From: Piotr Gasiorowski
Message: 1686
Date: 2000-02-25

 
----- Original Message -----
From: Gerry Reinhart-Waller
To: cybalist@egroups.com
Sent: Thursday, February 24, 2000 5:13 PM
Subject: [cybalist] Urheimat

Question for anyone: Does anyone know the "Urheimat" for Indo-European? I am aware that Russian scholars Gamkrelidze and Ivanov have suggested it is south of the Caucasus and north of Mesopotamia. And that Colin Renfrew places it in Anatolia and links it with agriculture. Any information would be most appreciated. -- Gerry

To put it in a nutshell: Refrew's theory is favoured by some archaeologists who don't know much about linguistics but assume that Renfrew does. The time depths he has to propose for PIE look implausible even to me (and I'm in favour of 'deep dates' for IE).

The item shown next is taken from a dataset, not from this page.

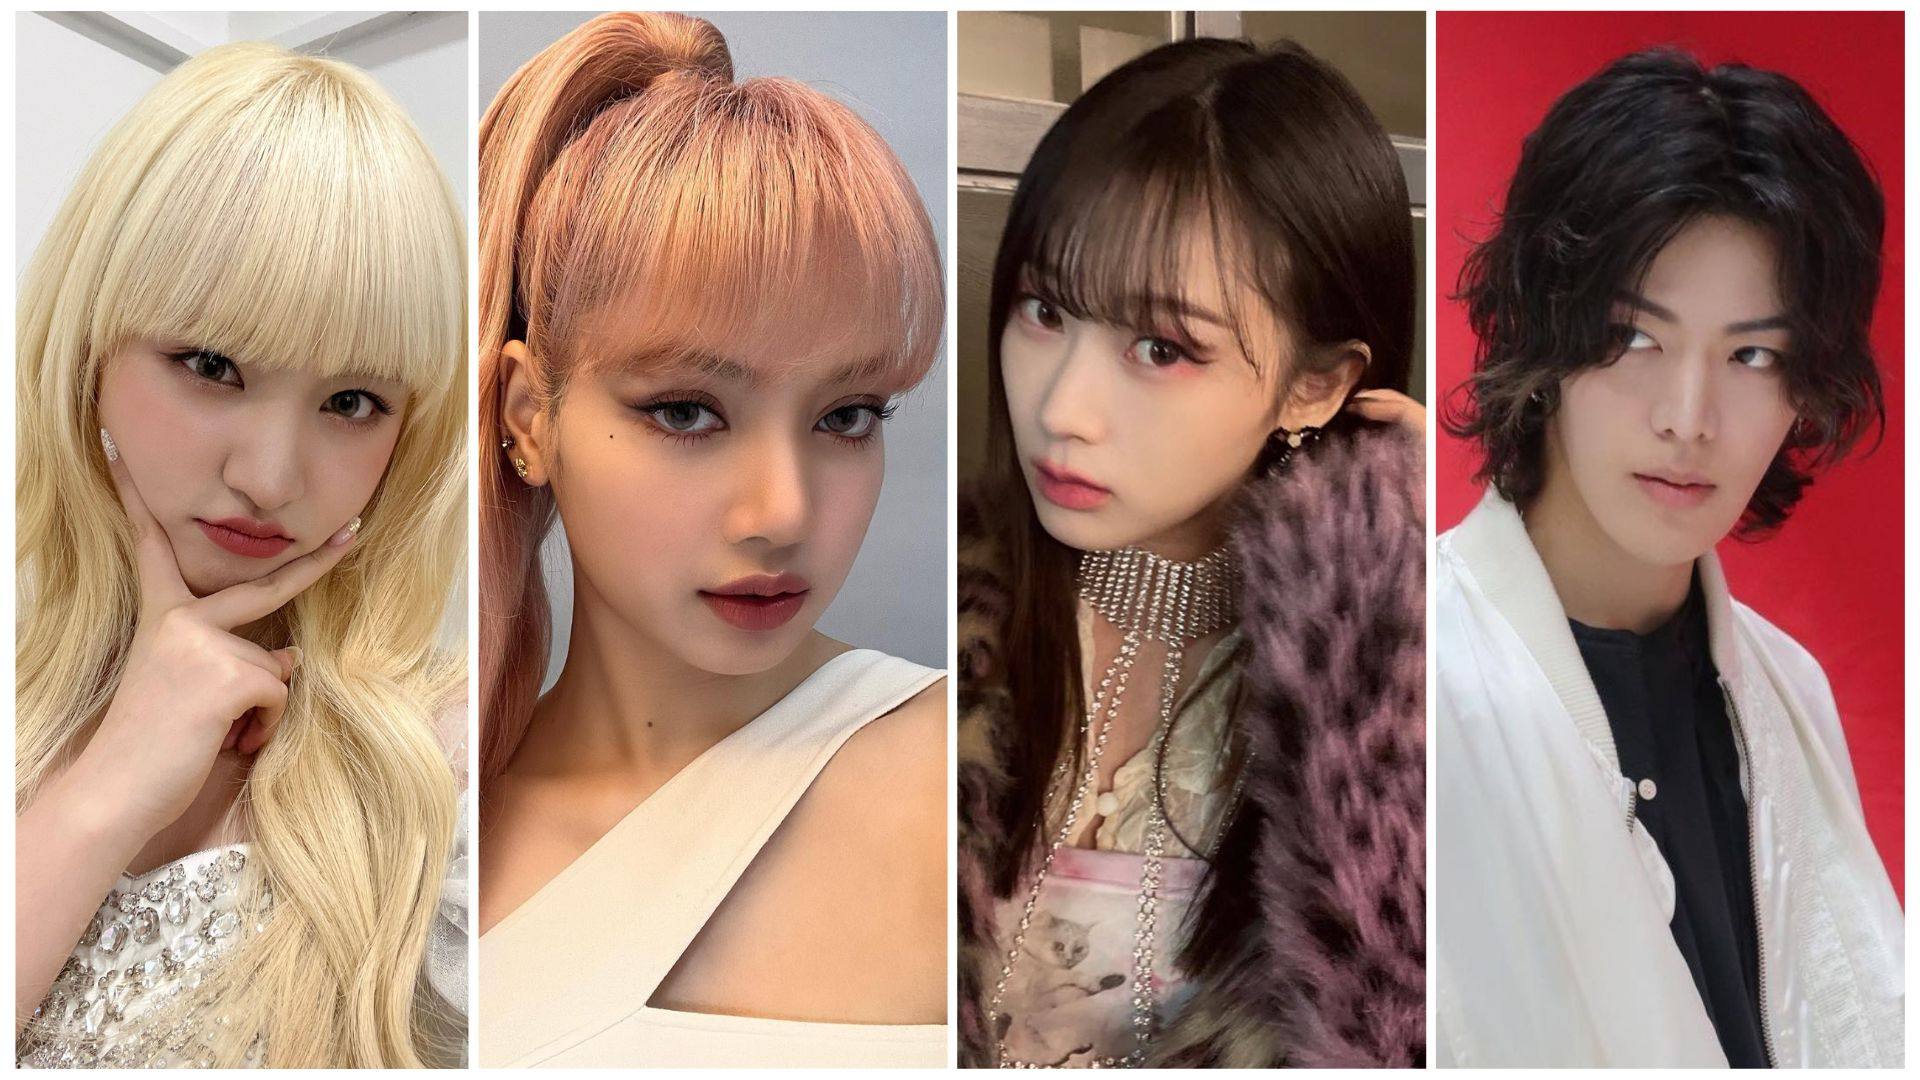 Ive’s Liz, Blackpink’s Lisa, Aespa’s Giselle and NCT’s Yuta have all been seemingly mistreated by their agencies. Photos: @aespa_official, @lalalalisa_m, @liz__ive, @yuu_taa_1026/Instagram

Gamkrelidze & Ivanov's Urheimat location has very little to recommend itself to either linguists and archaeologists (their handling of supposed migration routes is particularly clumsy). The most popular theory is still the 'steppe homeland' -- north of the Black and Caspian seas (the so-called 'Pontic homeland'). To be sure, many of the traditional extralinguistic arguments for it (like the association of certain late Neolithic processes in Europe with the westward spread of the IEs) have been seriously weakened in recent years. If an alternative to the traditional Urheimat is to be considered, the best candidate is, in my opinion, the Danubian theory, locating PIE west rather than north of the Black Sea.
 
The archaeology of both central Europe and the Pontic region is making rapid progress. The mapping and dating of important Neolithic cultures are being revised all the time. I've heard it rumoured recently that a Kazakh-Polish archaeological expedition has discovered strong evidence for another Great Flood (supplementing the Black Sea event) in the mid 6th millennium BC in what is now Kazakhstan and southern Russia -- apparently caused by the catastrophic emptying of a vast post-glacial lake in western Siberia into the Aral and Caspian seas. I'll believe it if I see the report published in Nature and corroborated by further research, but one has to get accustomed to archaeological and geological surprises which may render a lot of speculation invalid overnight.